Since at equilibrium, Moles of CO= Moles of Zn= moles of CO2 (as no information about initial moles are given)
If no information is given, you should just give the three amounts names and treat them as unknowns.
ZnO is exposed to pure CO at 1300 K
This means that initially there is no carbon dioxide and no elemental zinc. Carbon dioxide and elemental zinc will be present in a 1:1 ratio because that is the ratio they are produced at.
The density of the gas mixture is 0.344 g/L at the same temperature.
Let's find the density of pure CO at 1300 K and 1 atm pressure, assuming it behaves as ideal gas.
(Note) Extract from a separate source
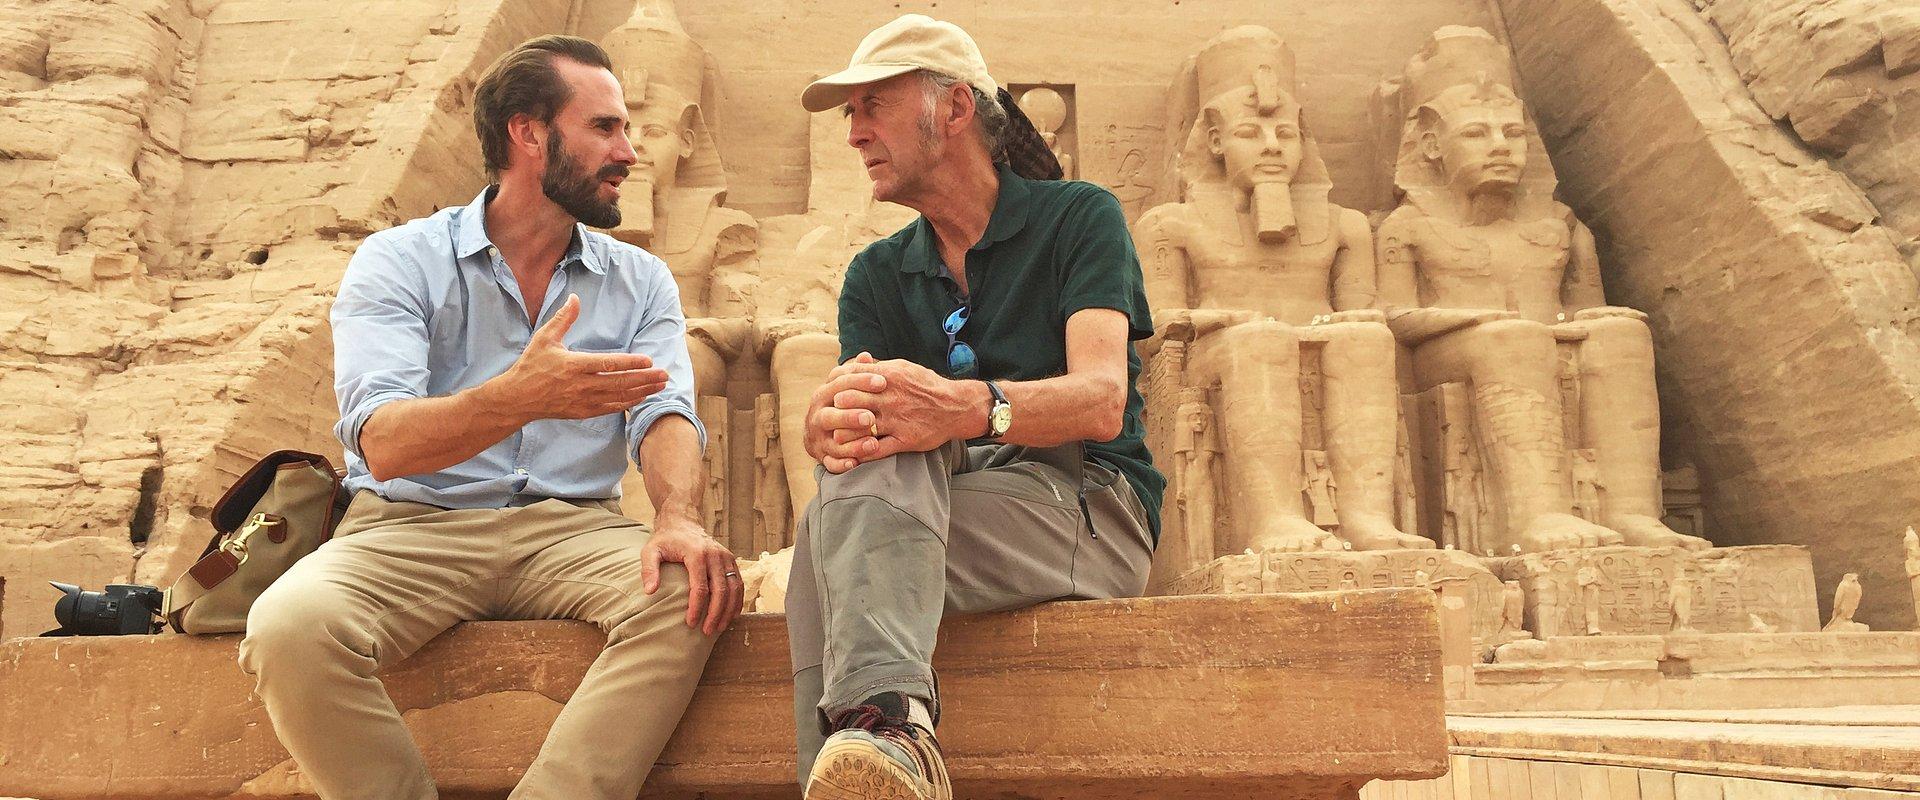 """Joseph Fiennes w starciu z wężami, mumiami i… legendą kuzyna-odkrywcy. Sławny podróżnik i hollywoodzki aktor ruszają na """"Wielką egipską wyprawę"""""""
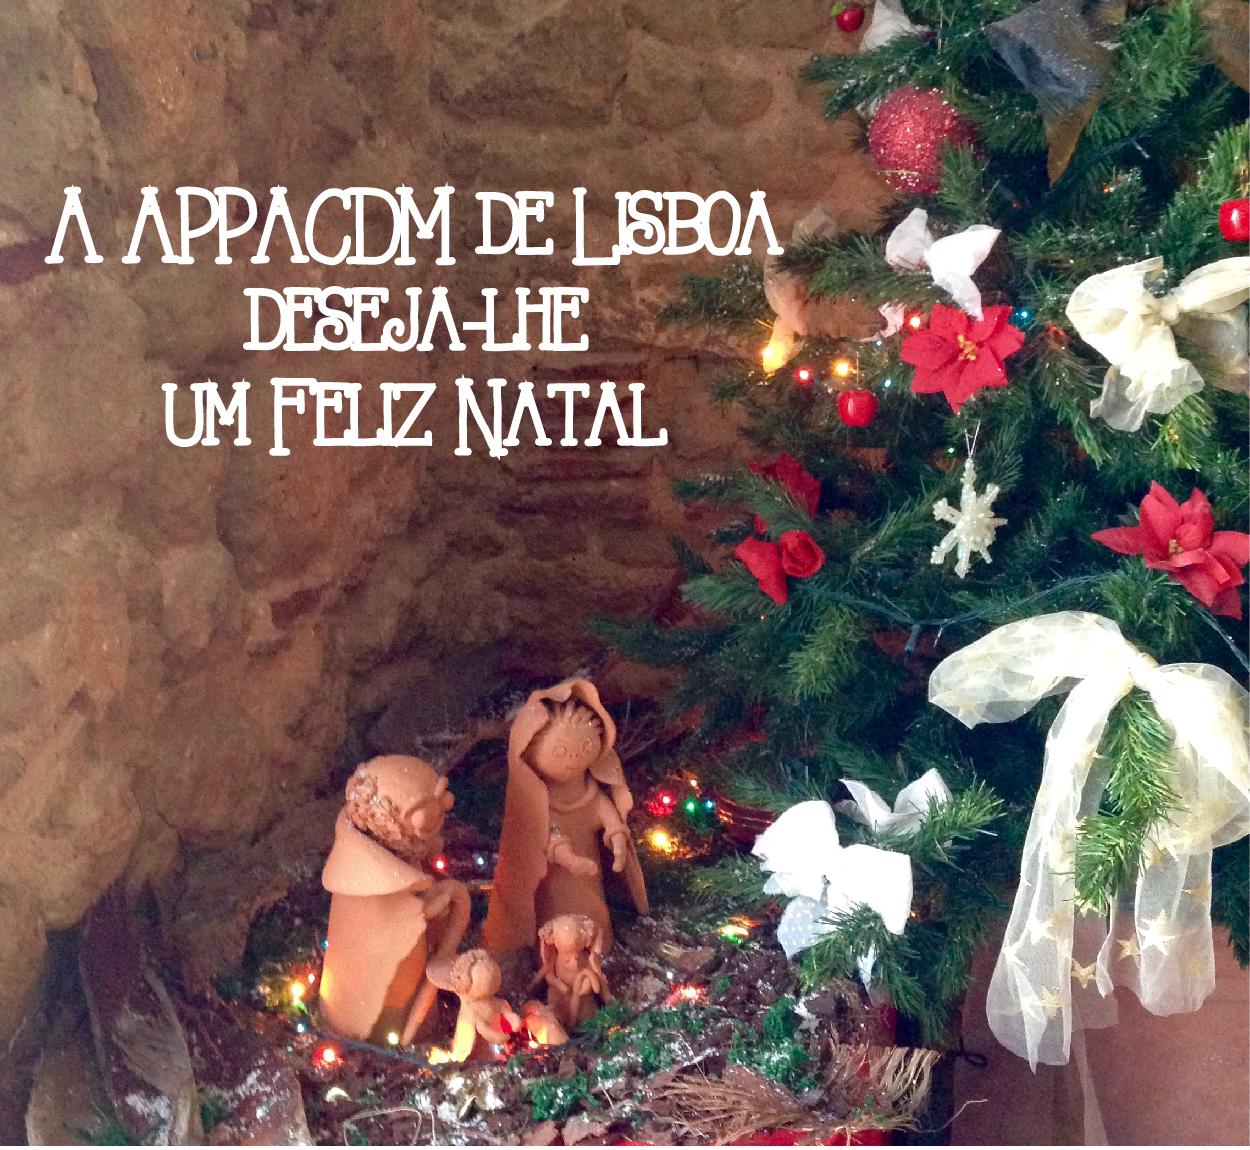 natal2014

$$\rho_1 = m/V = M n / V = M P / (R T) = $$ $$\frac{\pu{28.01 g/mol} \cdot \pu{1 atm}}{\pu{0.08206 L atm K-1 mol-1}\cdot \pu{1300 K}} = \pu{0.2626 g/L}$$
And now the density of a 1:1 mixture of carbon dioxide and zinc under the same conditions. The average molar mass of the two species is 0.5 (65.4 + 44.01) g/mol.
$$\rho_2 = m/V = M_\mathrm{ave} n / V = M P / (R T) = $$ $$\frac{\pu{54.71 g/mol} \cdot \pu{1 atm}}{\pu{8.314 J K-1 mol-1}\cdot \pu{1300 K}} = \pu{0.5129 gm3 g/L}$$
So the density of the gas for pure reactants is lower than the observed density, and the density for pure products is higher. The equilibrium mixture contains some reactant and some product, and the density is a weighted average of the two densities just calculated (with $X_\ce{CO}$ the mole fraction of carbon monoxide in the gas phase of the reaction mixture):
$$\rho = X_\ce{CO} \rho_1 + (1-X_\ce{CO}) \rho_2$$
We can solve for $X_\ce{CO}$ and calculate its value:
$$\rho - \rho_2 = X_\ce{CO} (\rho_1 - \rho_2)$$
$$ X_\ce{CO} = \frac{\rho - \rho_2}{\rho_1 - \rho_2} = 0.675 $$
So the partial pressure of carbon monoxide is 0.675 atm.